» Data

########

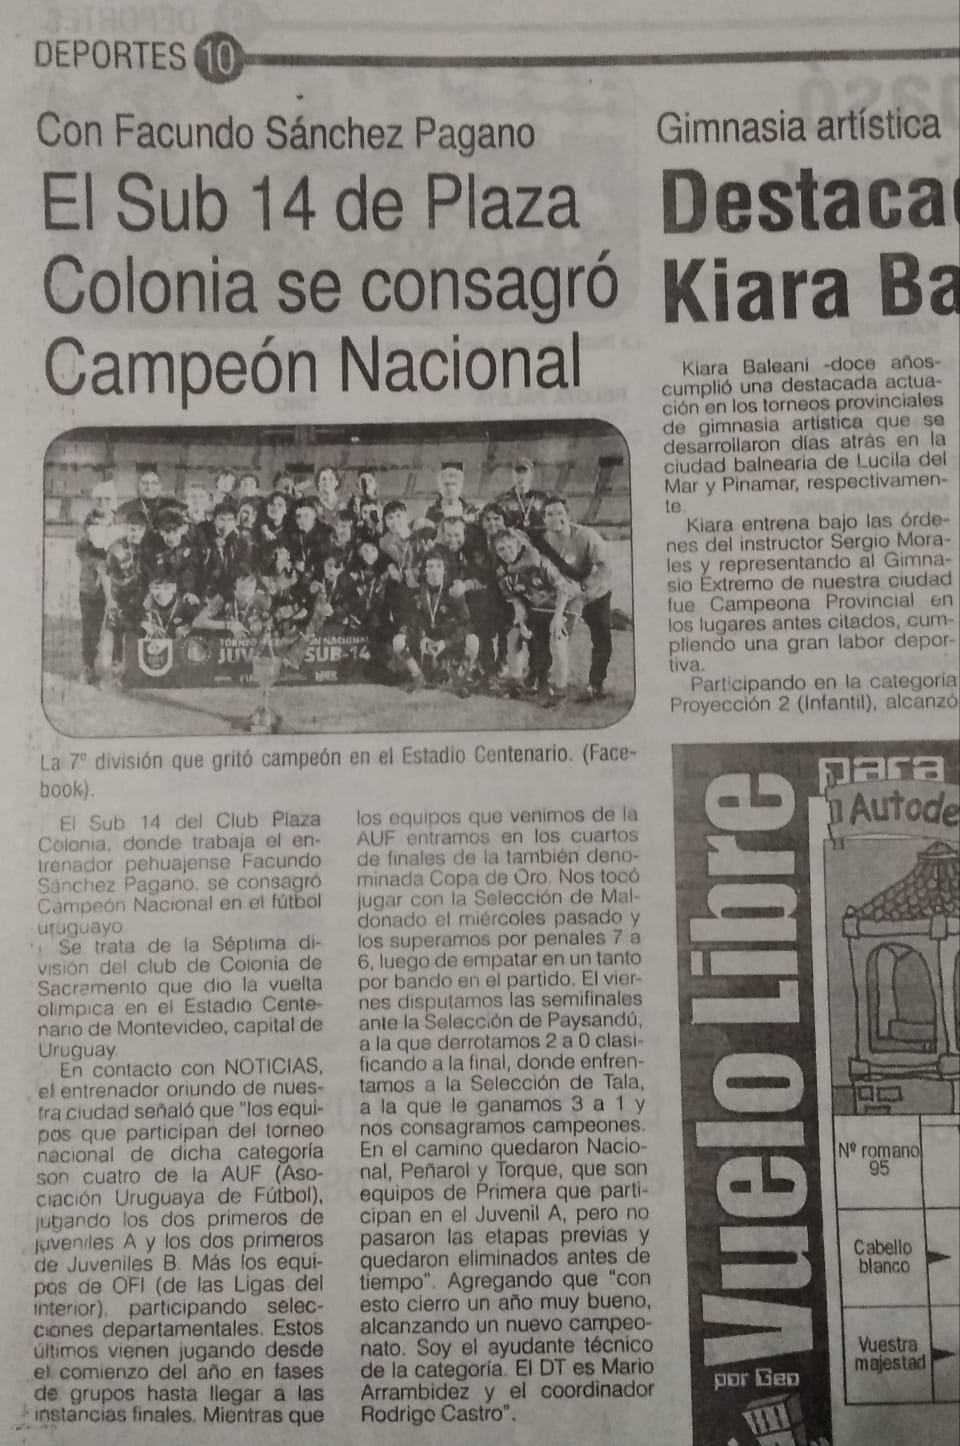 Campeones Nacionales 2019- Plaza Colonia
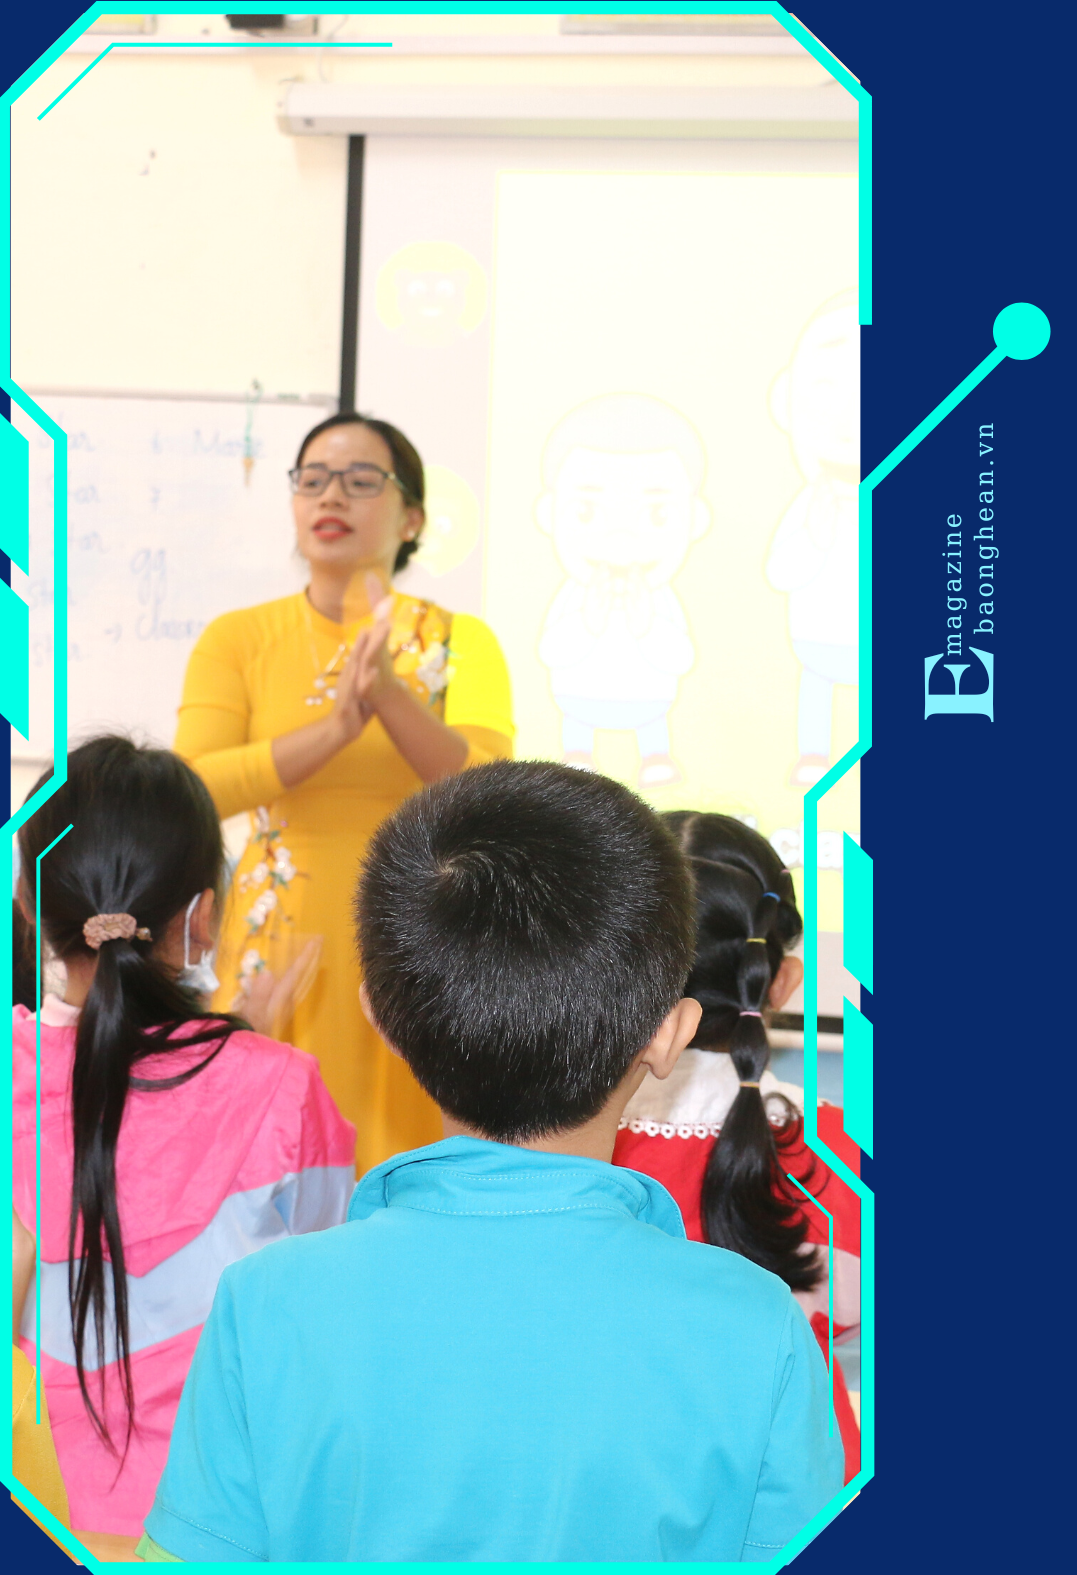 Những buổi học Tiếng Anh có sự tham gia của giáo viên Tiếng Việt và giáo viên nước ngoài luôn tạo hứng thú cho học sinh Trường Tiểu học thị trấn Mường Xén - huyện Kỳ Sơn
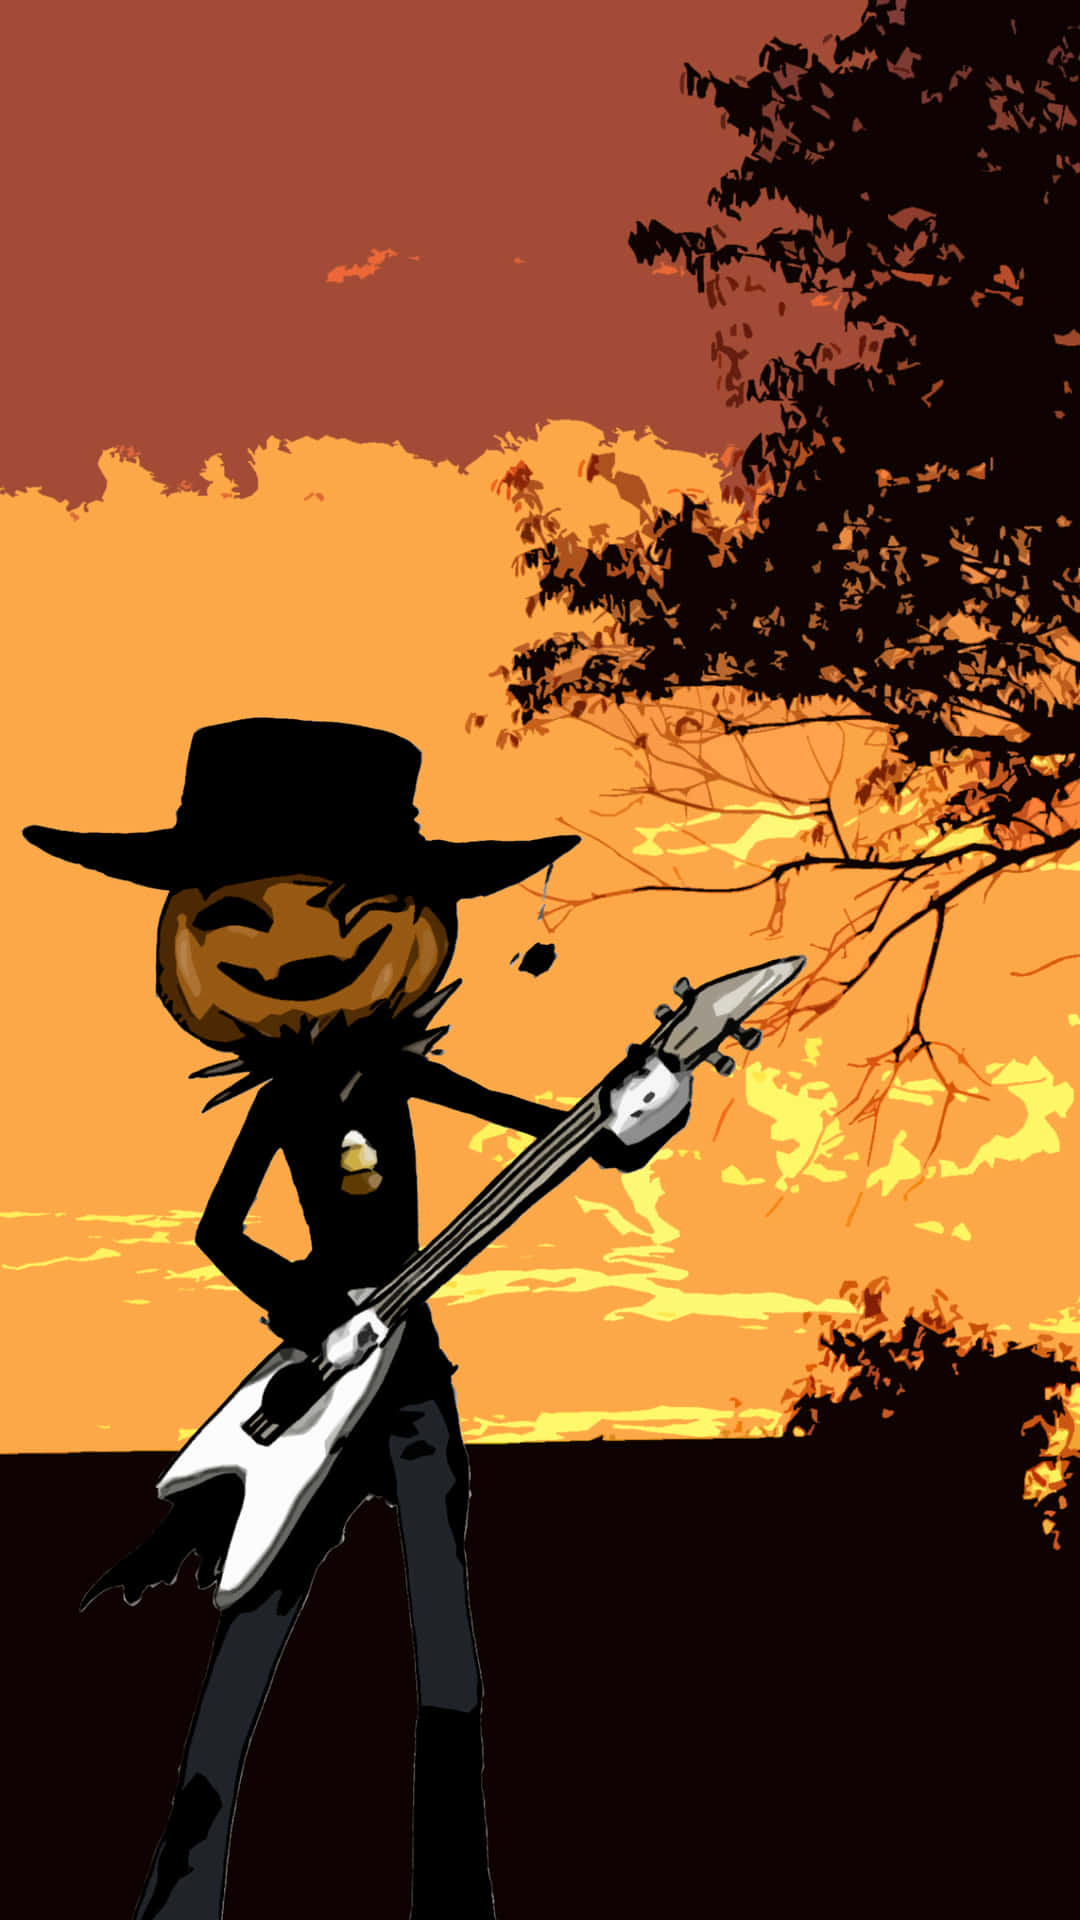 Pumpkin Head Guitarist Sunset Silhouette Wallpaper

########

» Task item
Transcribe the listing above verbatim. No picture belongs in the result.

» Output of the task
 Campeones Nacionales 2019- Plaza Colonia
 Những buổi học Tiếng Anh có sự tham gia của giáo viên Tiếng Việt và giáo viên nước ngoài luôn tạo hứng thú cho học sinh Trường Tiểu học thị trấn Mường Xén - huyện Kỳ Sơn
 Pumpkin Head Guitarist Sunset Silhouette Wallpaper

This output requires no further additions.